Od: "lukas3339" <l...@g...net.pl(ease remove me)>
Pokaż wszystkie nagłówki
"Dunia" <d...@n...net> wrote in message
news:03060115441313@polnews.pl...
>
> To takie okreslenie na panike. Wiele kobiet sie boi, ze kiedy mezczyzna
zaczyna
> mowic o dzieciach, to chce ja od razu wepchnac w kupki i zupki.
Irracjonalne to
> jest, ale prawdziwe.
>
hmm...
> >> Ty juz czujesz, a ona moze nie.
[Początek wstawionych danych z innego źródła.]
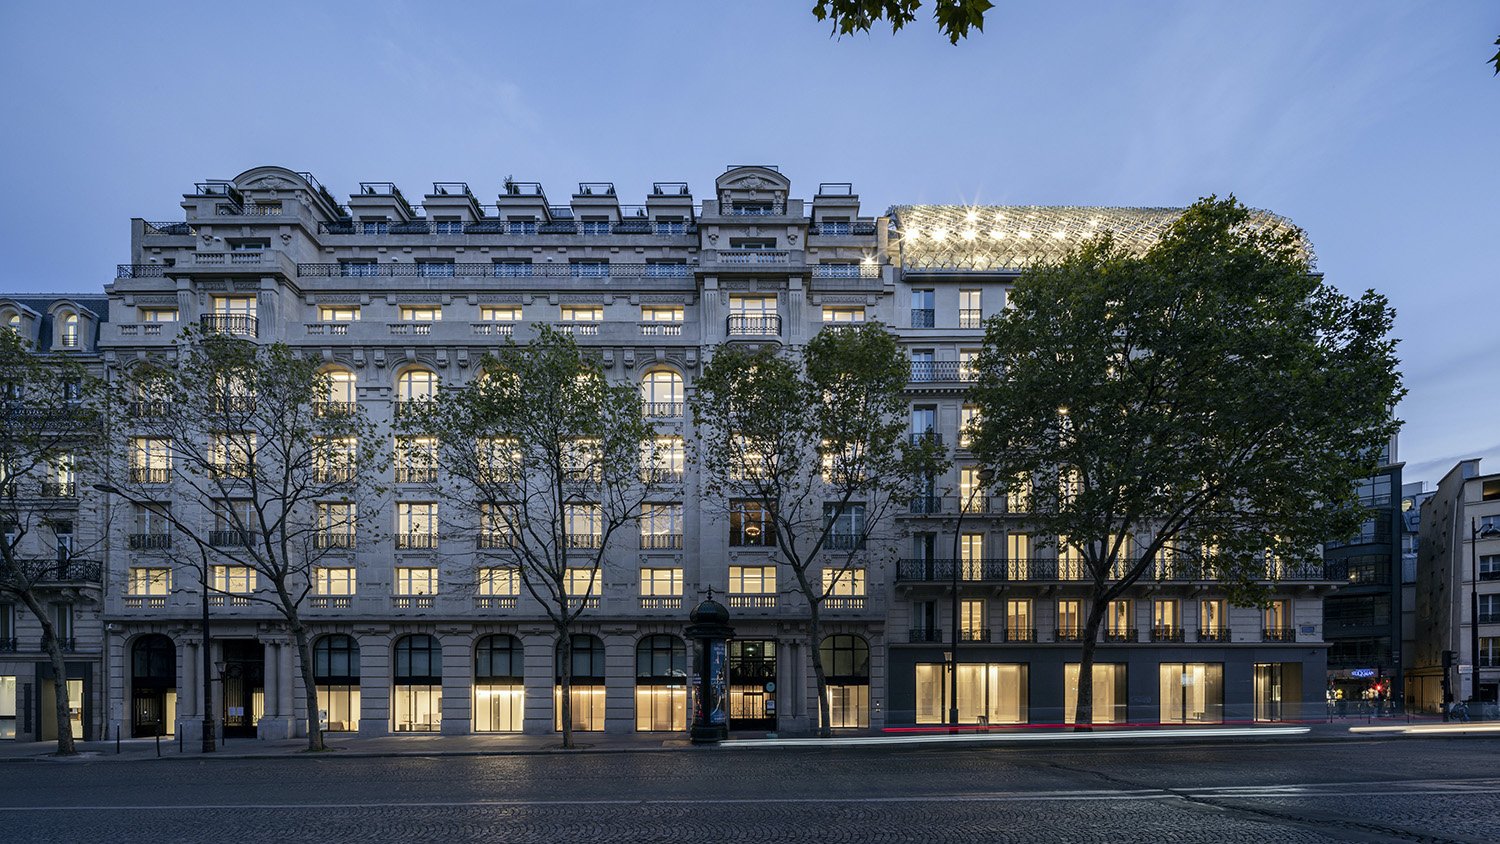 PCA-STREAM brings together two separate buildings: a classical Haussmannian building from 1863 and an Art Déco one from the early 1920s. | ©SALEM MOSTEFAOUI FOR PCA-STREAM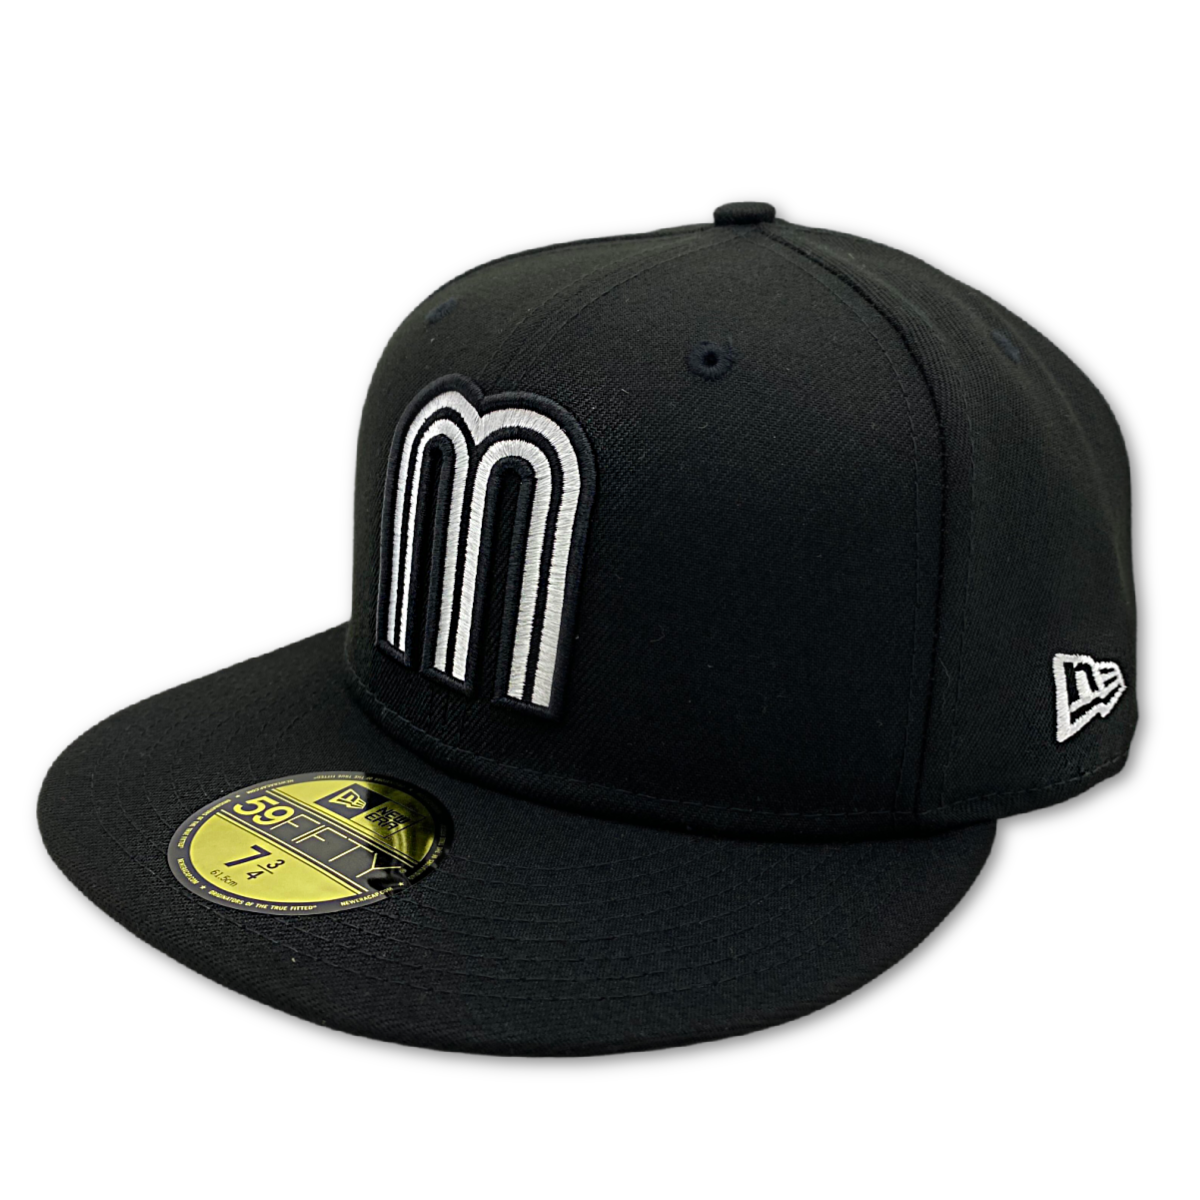 NEW ERA OFFICIAL MEXICO 59FIFTY FITTED HAT-BLACK nvsoccer.com The Coliseum

To nie przychodzi na zawolanie.
> >
> >Kwestia tego zeby przyszlo, moze i za 5 lat albo dluzej ale zeby
przyszlo.
>
> Tego nikt Ci nie zagwarantuje.
No wlasnie a nie chce sie boudzic z reka w nocniku.
> >
> >Nie kloce sie tylko rozmawiam,
>
> Stwierdziles, ze bylo 'ostro', zrozumialam to jako klotnie.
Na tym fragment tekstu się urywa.